**WHAT IS BEING ASKED:** Reproduce, exactly and in full, the lines from the one with "RAD Data comm" through the one with "Wedtrend Women Party" in the data below; drop pictures.

**SUPPLIED MATERIAL:**
>>>>>

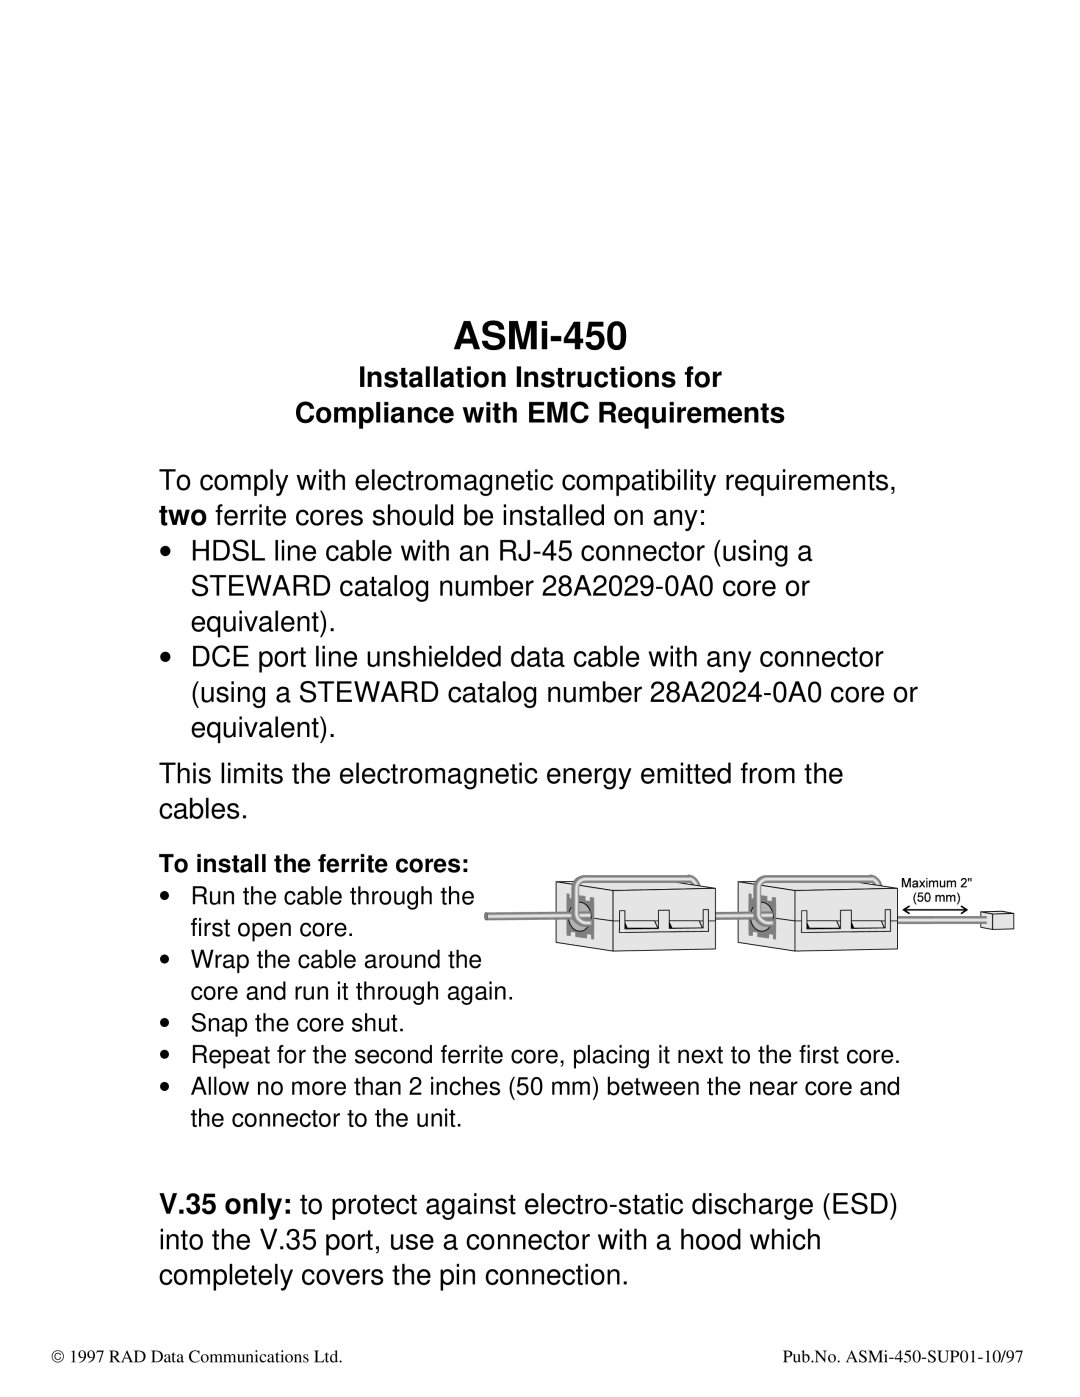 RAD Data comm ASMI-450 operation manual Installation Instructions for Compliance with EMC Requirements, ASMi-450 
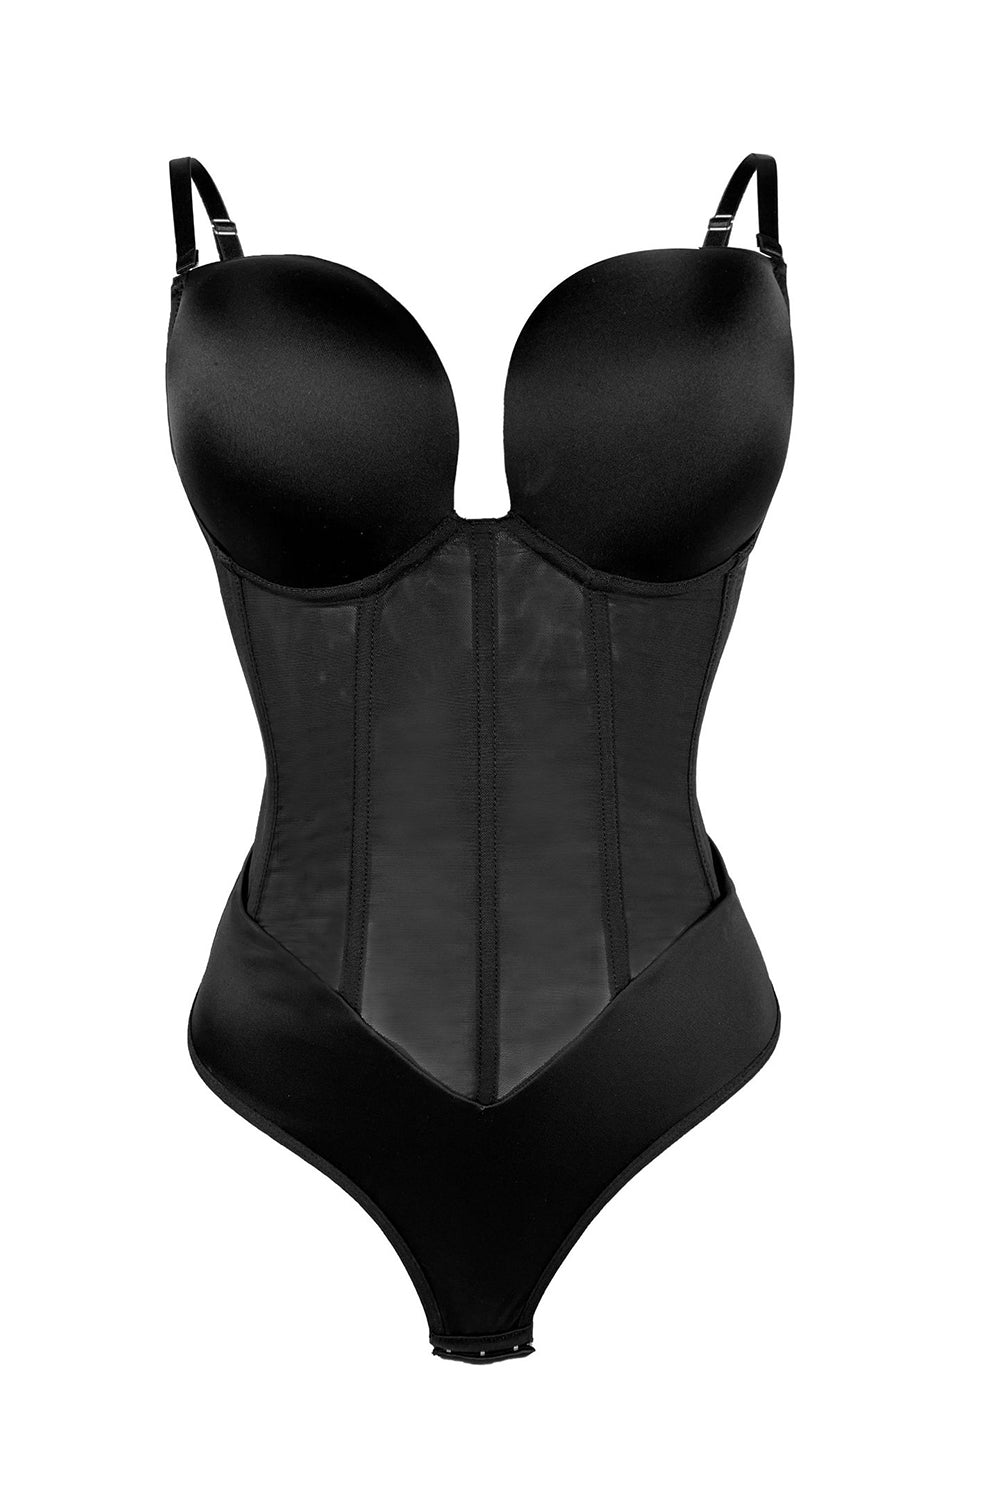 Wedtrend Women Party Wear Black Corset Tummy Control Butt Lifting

<<<<<
>>>>>

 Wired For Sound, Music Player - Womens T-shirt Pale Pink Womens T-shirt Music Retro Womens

<<<<<

**ANSWER:**
 RAD Data comm ASMI-450 operation manual Installation Instructions for Compliance with EMC Requirements, ASMi-450 
 Wedtrend Women Party Wear Black Corset Tummy Control Butt Lifting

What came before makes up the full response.